GIMP     = _find(r"D:\GIMP*\bin\gimp-console-*.exe", ...) or "gimp"
INKSCAPE = _find(r"D:\Inkscape*\bin\inkscape.exe", ...) or "inkscape"
FREECAD  = _find(r"D:\FreeCAD*\bin\FreeCADCmd.exe", ...) or "FreeCADCmd"
GODOT    = _find(r"D:\Godot*\Godot*.exe", ...) or "godot"

Important: GIMP must point to gimp-console-*.exe, not gimp-*.exe (the GUI version). The GUI build causes batch-mode timeouts due to display initialization. See defect D-02 in the test report.

3.3 External MCP Service Configuration

Seven services are registered in mcp.json. Each is documented below with its purpose, launch mechanism, prerequisites, and verification method.

3.3.1 Playwright (Browser Automation)

"playwright": {
  "command": "cmd",
  "args": ["/c", "npx", "@playwright/mcp@latest"],
  "type": "stdio"
}
  • Purpose: Provides headless browser control — page navigation, element interaction, screenshot capture, form filling — for web data collection or UI automation testing.
  • Prerequisites: Node.js 18+ installed. On first invocation, npx automatically downloads the @playwright/mcp package.
  • Browser kernel installation: Required before first use:
    npx playwright install chromium
  • Verification: Call the browser_navigate tool with any URL and confirm a page snapshot is returned.

3.3.2 GitHub (Repository & Issue Management)

"github": {
  "type": "http",
  "url": "https://api.githubcopilot.com/mcp/",
  "headers": {
    "Authorization": "Bearer ${env:GITHUB_TOKEN}"
  }
}
  • Purpose: Provides GitHub repository operations — issue read/write, PR creation and review, file content retrieval, branch management.
  • Prerequisites: A valid GitHub token is required. If you are signed into GitHub Copilot in VS Code, the ${env:GITHUB_TOKEN} variable is automatically injected — no manual environment variable setup is needed.
  • Verification: Call the get_me tool to inspect the authenticated user identity.

3.3.3 Blender-MCP (Real-time 3D Scene Control)

"blender-mcp": {
  "command": "cmd",
  "args": ["/c", "uvx", "blender-mcp"],
  "type": "stdio"
}
  • Purpose: Connects to a running Blender instance over WebSocket for real-time scene querying, Python script injection, and viewport screenshot capture.

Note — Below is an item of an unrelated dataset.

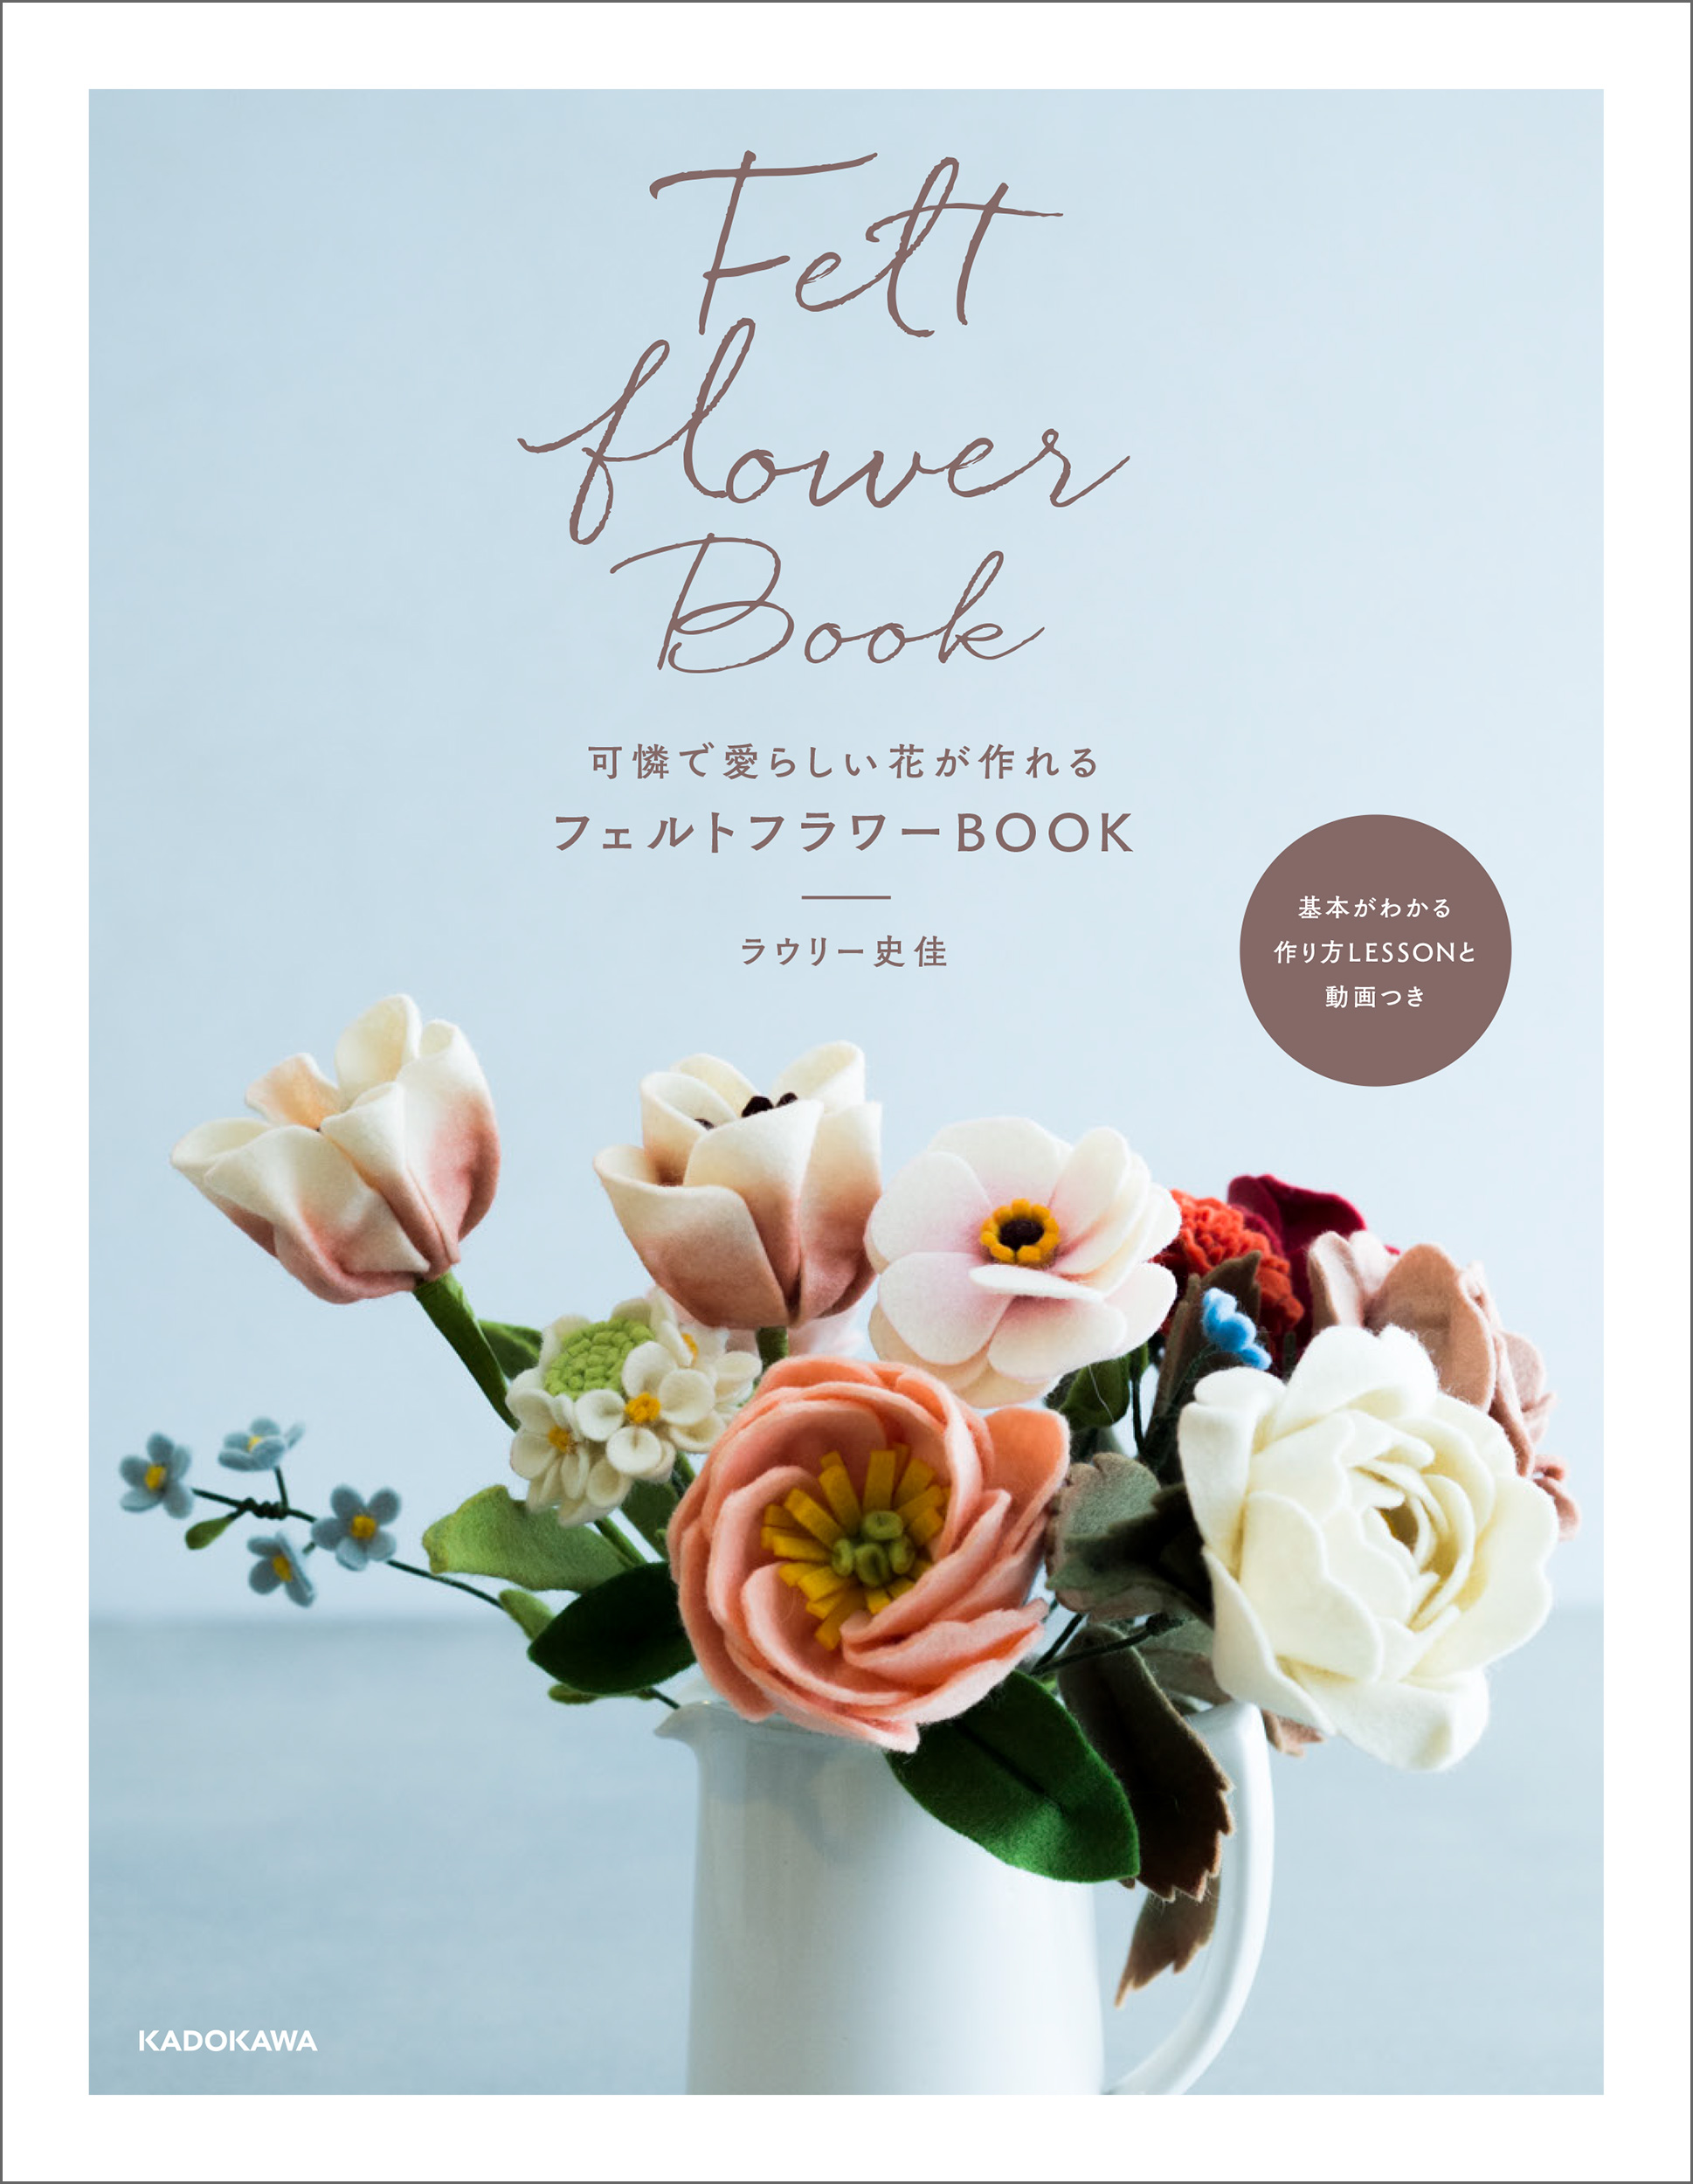 まるで本物のような美しいお花が作れます 可憐で愛らしい花が作れる フェルトフラワーbook 発売 株式会社kadokawaのプレスリリース

Suited for interactive 3D modeling workflows.
  • Distinction from omni-mcp: omni-mcp's blender_exec launches Blender in headless CLI mode for batch rendering; blender-mcp connects to an open Blender GUI for live manipulation.
  • Prerequisites:
    1. uv installed (uvx is its subcommand).
    2. The blender-mcp addon must be installed in Blender:
      • Obtain the addon file: pip download blender-mcp --no-deps -d . and extract, or clone from GitHub and locate addon.py.
      • In Blender: Edit → Preferences → Add-ons → Install from Disk → select addon.py.
      • Enable the addon. A "BlenderMCP" panel appears in the 3D Viewport sidebar. Click Start MCP Server to launch the WebSocket listener (default port 9876).
    3. Keep Blender running with the MCP server active.
  • Verification: Call get_scene_info — it should return the current scene's object list, materials, and metadata.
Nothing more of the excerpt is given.